Fri Apr 22 11:05:10 EDT 2011

For those interested in "white space XML" ...

-------- Original Message --------
Subject: 	Re: heuristics for document structure
Date: 	Fri, 22 Apr 2011 10:52:42 -0400
From: 	Burns, John <John.Burns at proquest.com>
To: 	Kevin Hawkins <kevin.s.hawkins at ultraslavonic.info>

Good Morning Kevin,

My goodness -- where to start ?  It depends on what you want to do ;-) 
  Not  lot of end-user tools are openly available -- but a lot of 
systems exist either as proofs of concept or behind closed doors doing 
things like legal discovery, news extraction &c.

A good place to start would be the proceedings of ICDAR, the work of 
Thomas Breuel et al at Kaiserslautern/DFKI and the LAMP folks at 
Maryland (Language and Media Processing Group)

Kris West did some lovely work on the automatic extraction of items from 
auction catalogs /and the system is freely available since it was funded 
by the Mellon -- /Clare Llewelyn (now at Edinburgh -- Clare Llewellyn 
<clarellewellyn at yahoo.com <mailto:clarellewellyn at yahoo.com>> ) would be 
a good place to start, since she is a good friend of Kris and managed 
the project in a previous life.    The system is trained to do catalogs, 
but could, in principle, do any corpus that is moderately consistent. 
  The SEASR project also has tools to do similar things, and would 
probably be the best academic partner.

There is a lot of work in Europe, off the top of my head -- NaCTeM in 
the UK,  Claire Grover et al at Edinburgh,  plus all the FP7 funding. 
  Paul Watry at Liverpool might be worth a ping since he has an 
encyclopedic knowledge of who is doing what.
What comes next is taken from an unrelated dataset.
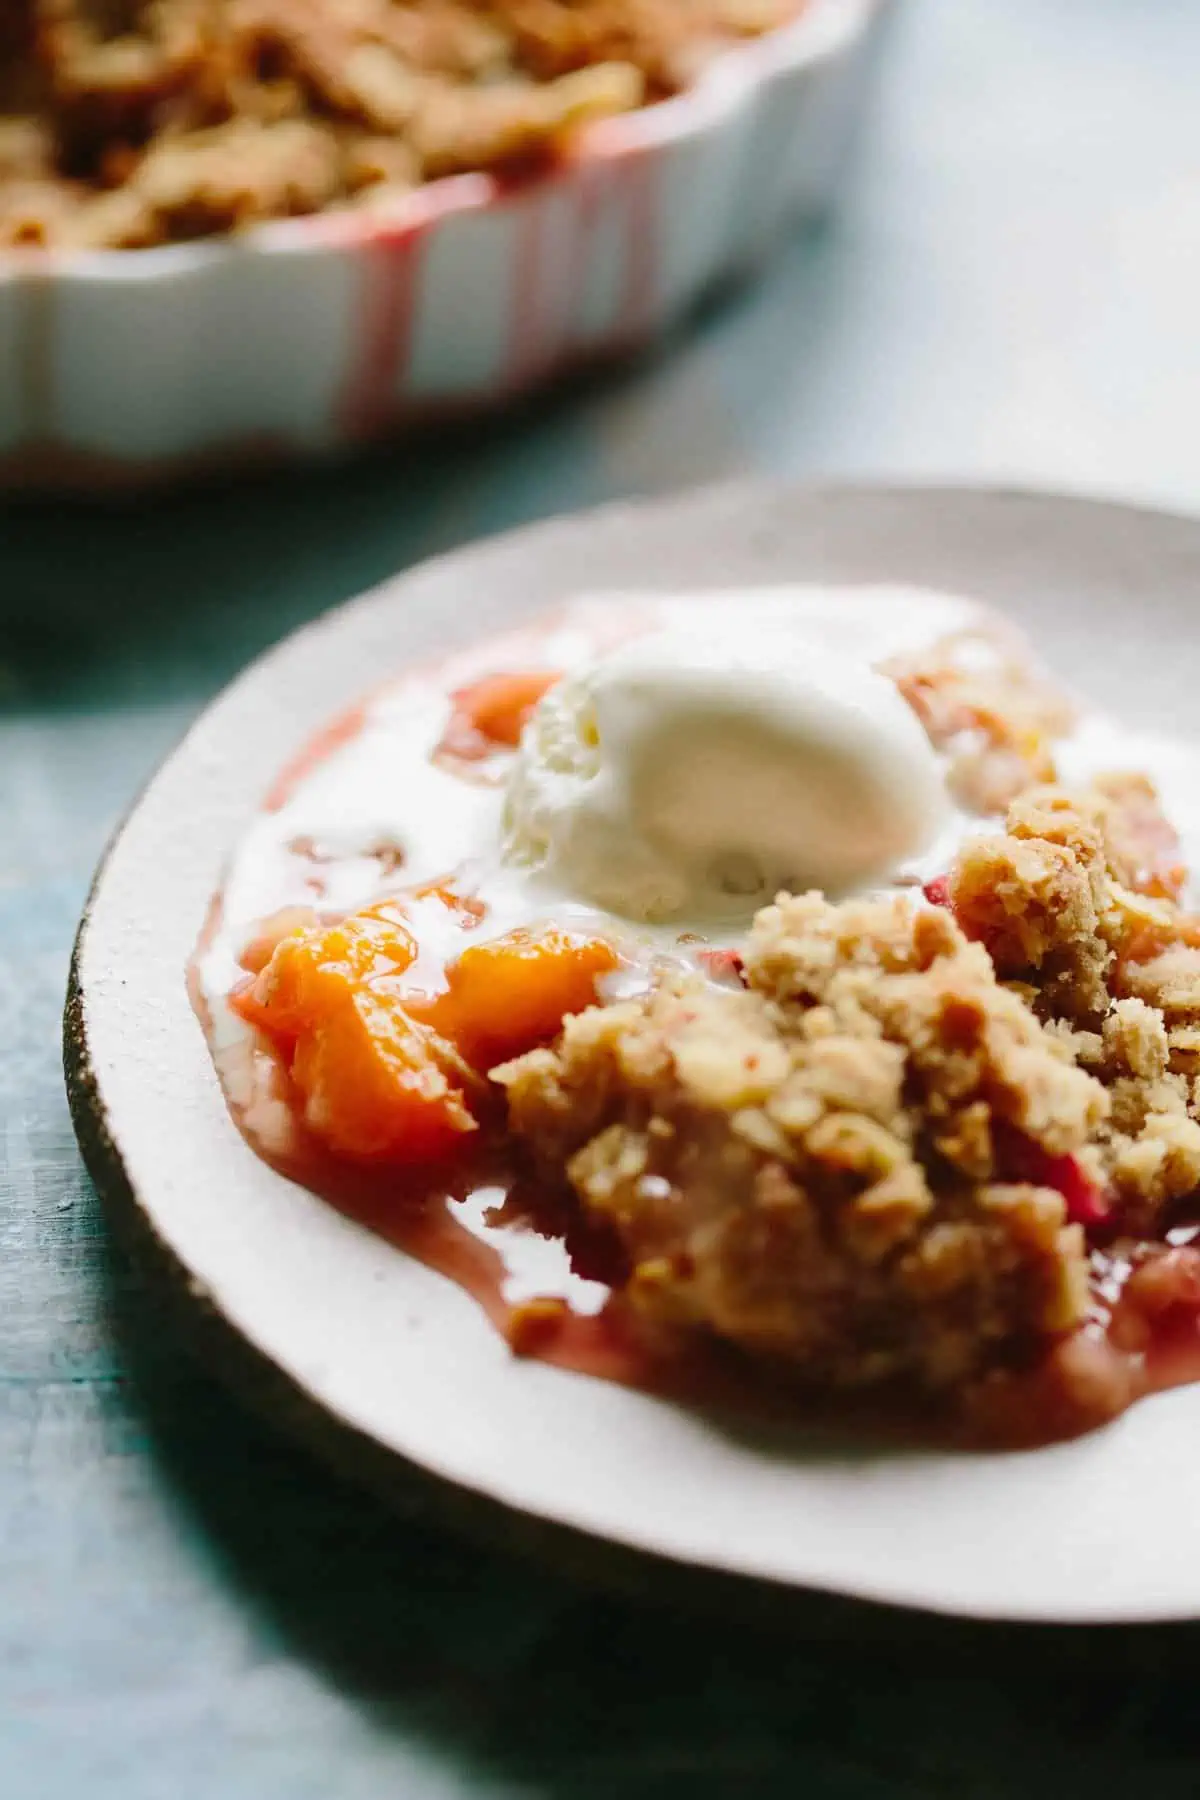 Close up shot of a dessert plate filled with warm apricot strawberry rhubarb crisp and melting vanilla ice cream.

I'll poke around and see what I can find that is openly available ,  but 
it would be worth thinking through what level of refinement you want -- 
entity labeling vs, structural  vs.  document labeling ( topic, 
sentiment, tone, complexity ).

-john

John Burns
Director, Platform Research
ProQuest
501 North 34th St # 400
Seattle, WA 98103
Cell: (206) 450 0329   email: john.burns at proquest.com 
<mailto:john.burns at proquest.com>

On Apr 21, 2011, at 6:53 PM, Kevin Hawkins wrote:

Hi John,

[. . .]

I'm writing to see if you can point me to some literature on heuristics
for deducing structure in documents.  I remember in Belfast you said
that Decapod uses some of the techniques developed at places like Xerox
or HP and now used by Amazon to convert PDFs to Kindle files.  There's
lots of interest in doing this sort of thing in the TEI community, and
people keep looking for ways of doing this on semi- and unstructured
documents.

Thanks,

Kevin